We have no clear answers. Mental health issues among adults, which are driving the current surge in worklessness, are a problem for public health officials. Still, there is a strong case for restricting children’s use of social media until we have a better understanding of its implications. Such decisions should not be taken lightly in a free society, but growing parental concern, along with substantial evidence, does make the case for further regulation.

The tech firms are never short of ploys to fob off campaigning parents or to keep regulators at bay. Instagram and TikTok claim to have brought in age-verification tools to analyse ‘selfies’ and estimate how old the users are. But the firms have no incentive to enforce age limits, lest they lose their share of the pre-teen market to rivals. TikTok, Instagram, Snapchat, Facebook and YouTube are all limited to the over-13s – but in reality just over half of British children are using social media by the age of nine.

There is an easier solution to the one Ofcom proposes. Smartphone providers should be obliged to demand age verification and underage users should simply be unable to download the relevant apps. No such law is watertight of course. Children may figure out how to fake an online ID, but responsible parents should be able to check such details, so verification at the smartphone level would be a useful tool.

Several US states are moving forward with heavier-handed legislation. Florida has just outlawed all social media for under-14s. In Texas, Louisiana and Utah, the law has been changed to say that under-18s need parental consent before creating social-media accounts. It’s easy to see calls for such measures over here: but it would be better if smartphone companies adopted technology that enforced the age limits that already exist without the need for state intervention.

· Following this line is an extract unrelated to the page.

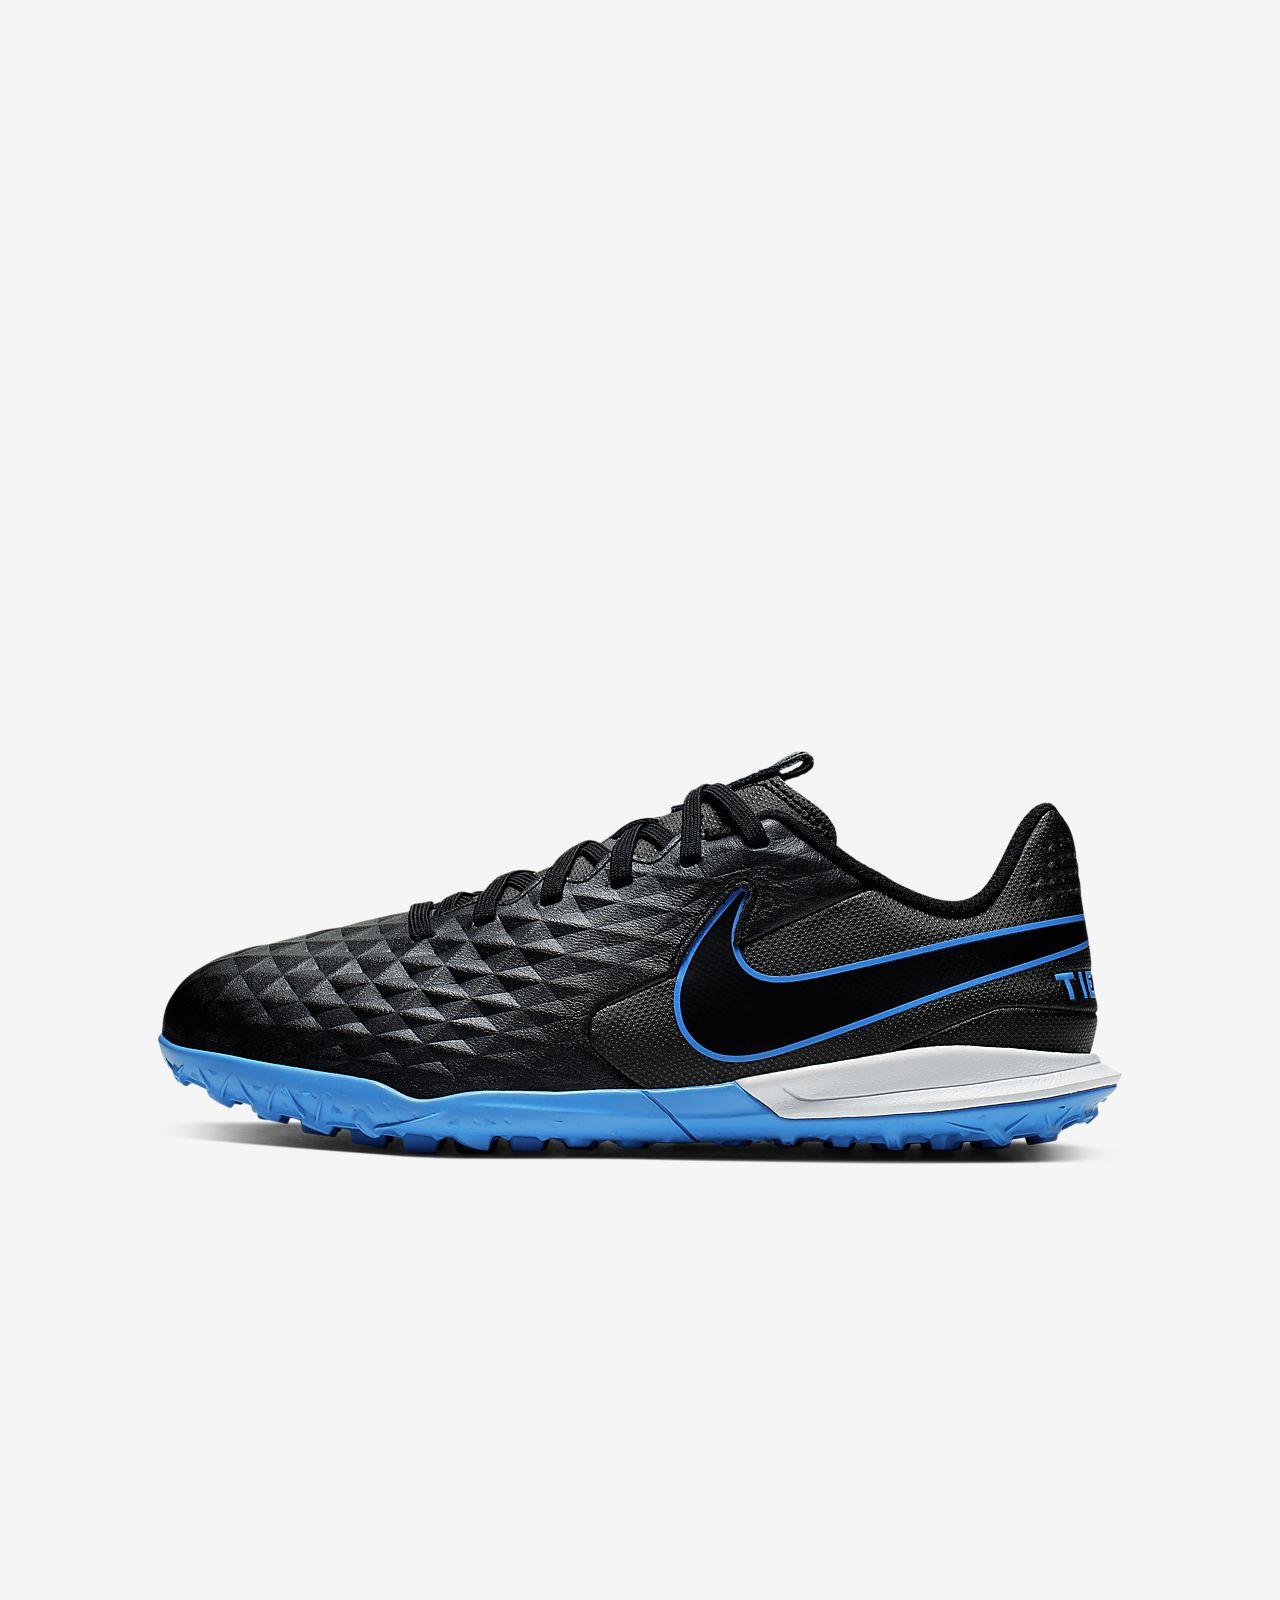 Nike Jr. Tiempo Legend 8 Academy TF Little/Big Kids' Artificial-Turf Soccer Shoe
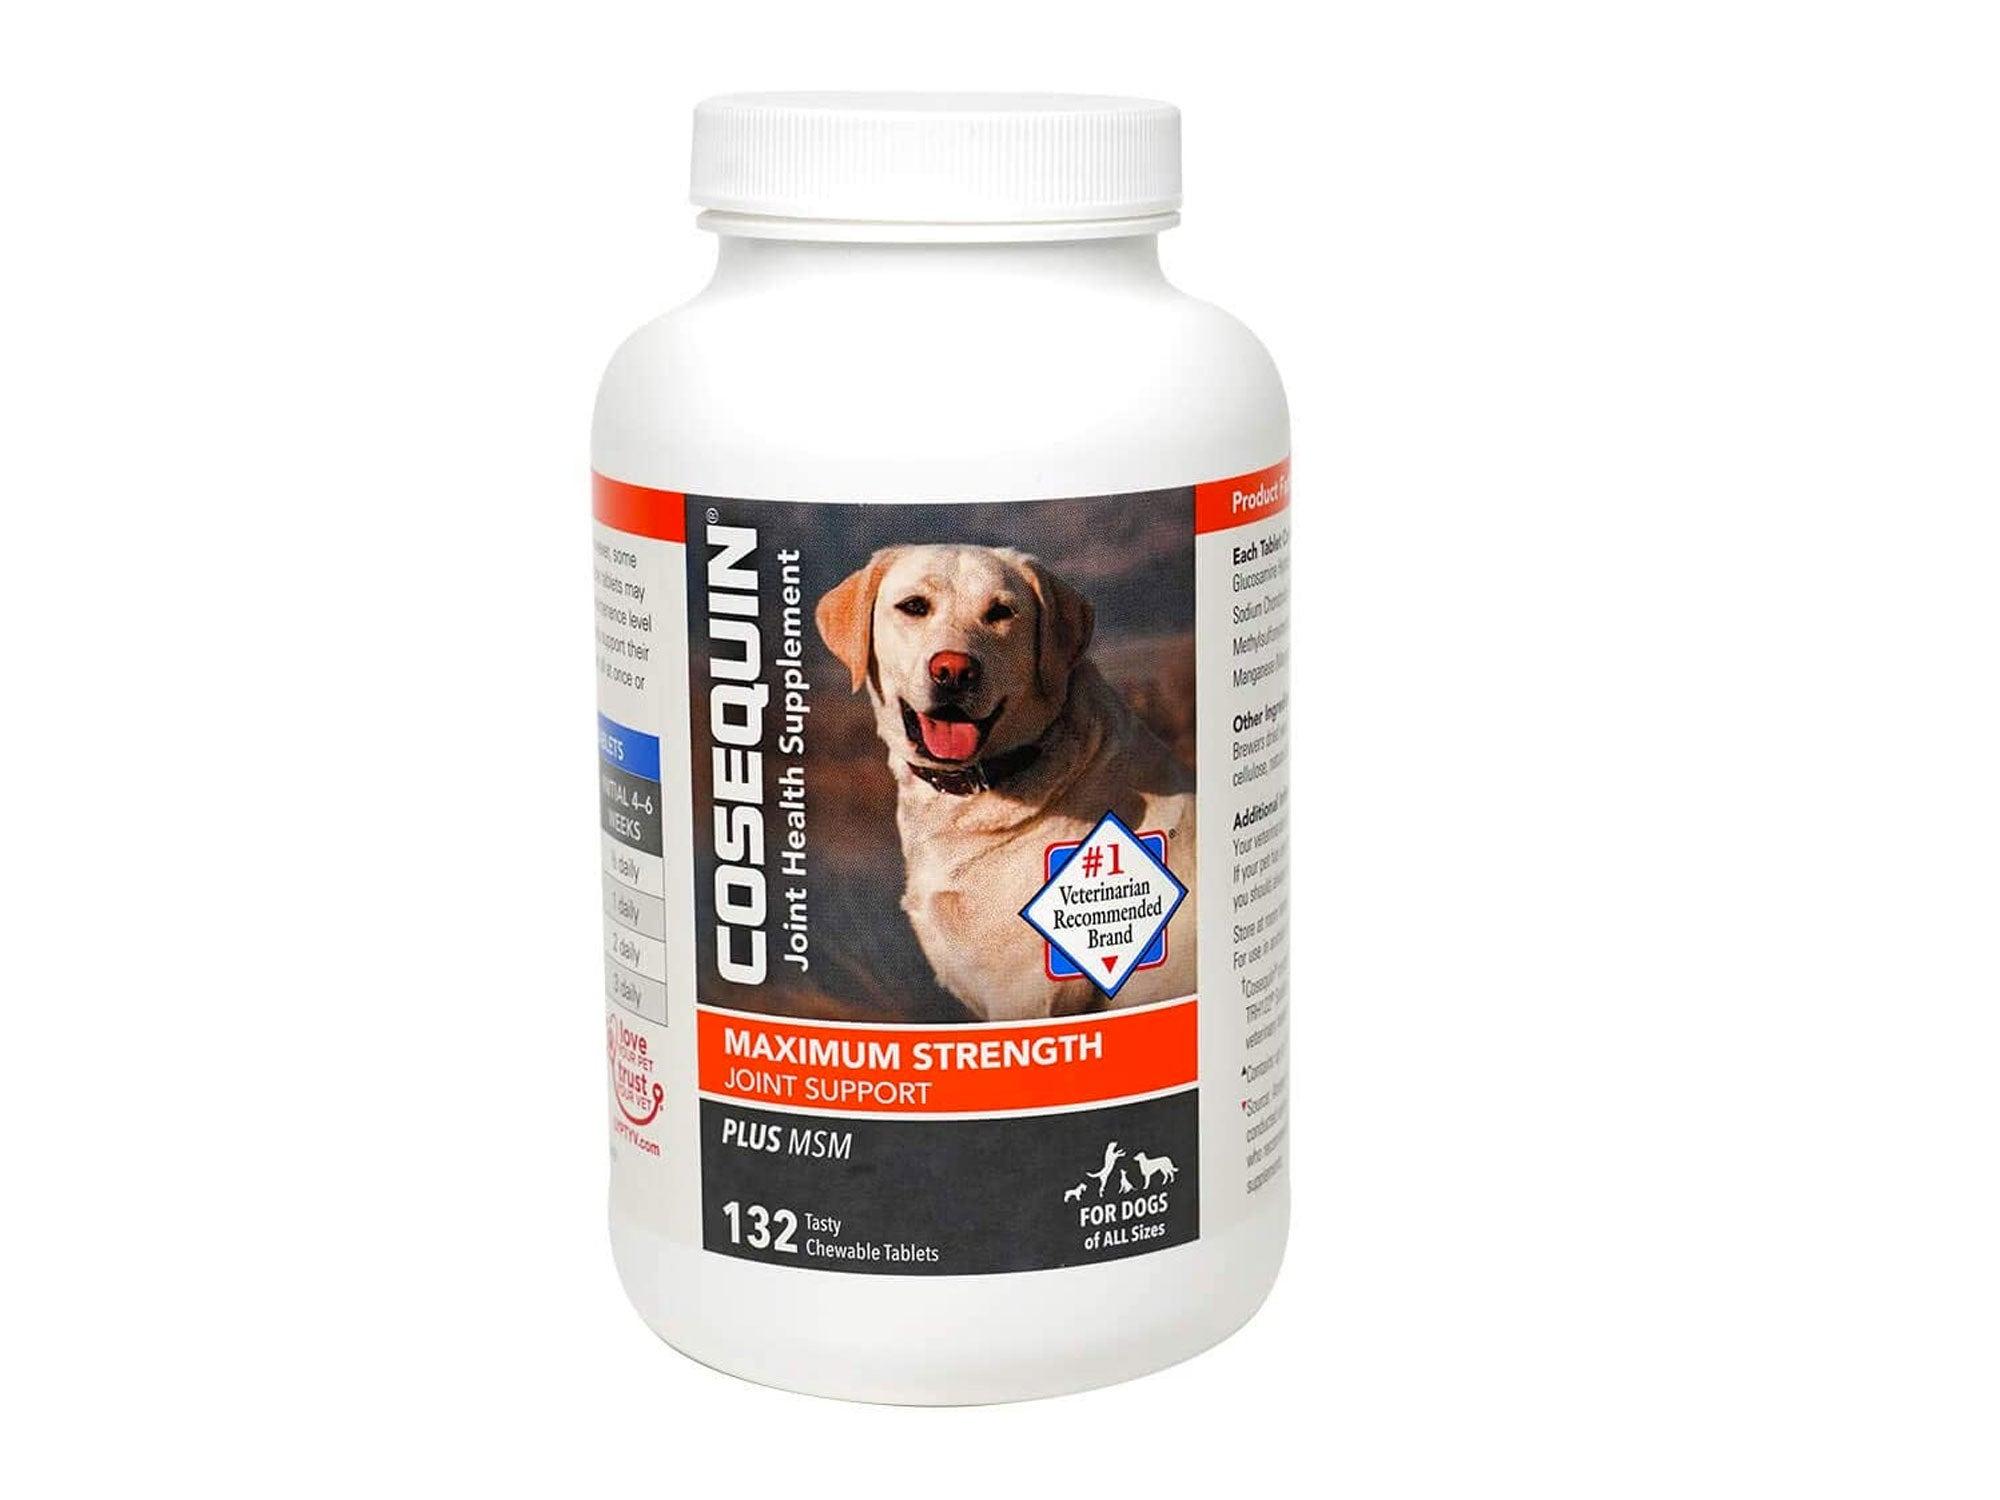 Cosequin Maximum Strength Joint Supplement Plus MSM

A decade or so ago, parents had no idea – no one did – about the potential negative effects of these addictive apps on young minds. But as the picture becomes clearer, so does the responsibility of tech companies – and the threat of regulation becomes more necessary. No social media company should be trying to harness the pre-teen market. Asking phone companies to verify the age of users is not a radical step: the British government should ask them to take it.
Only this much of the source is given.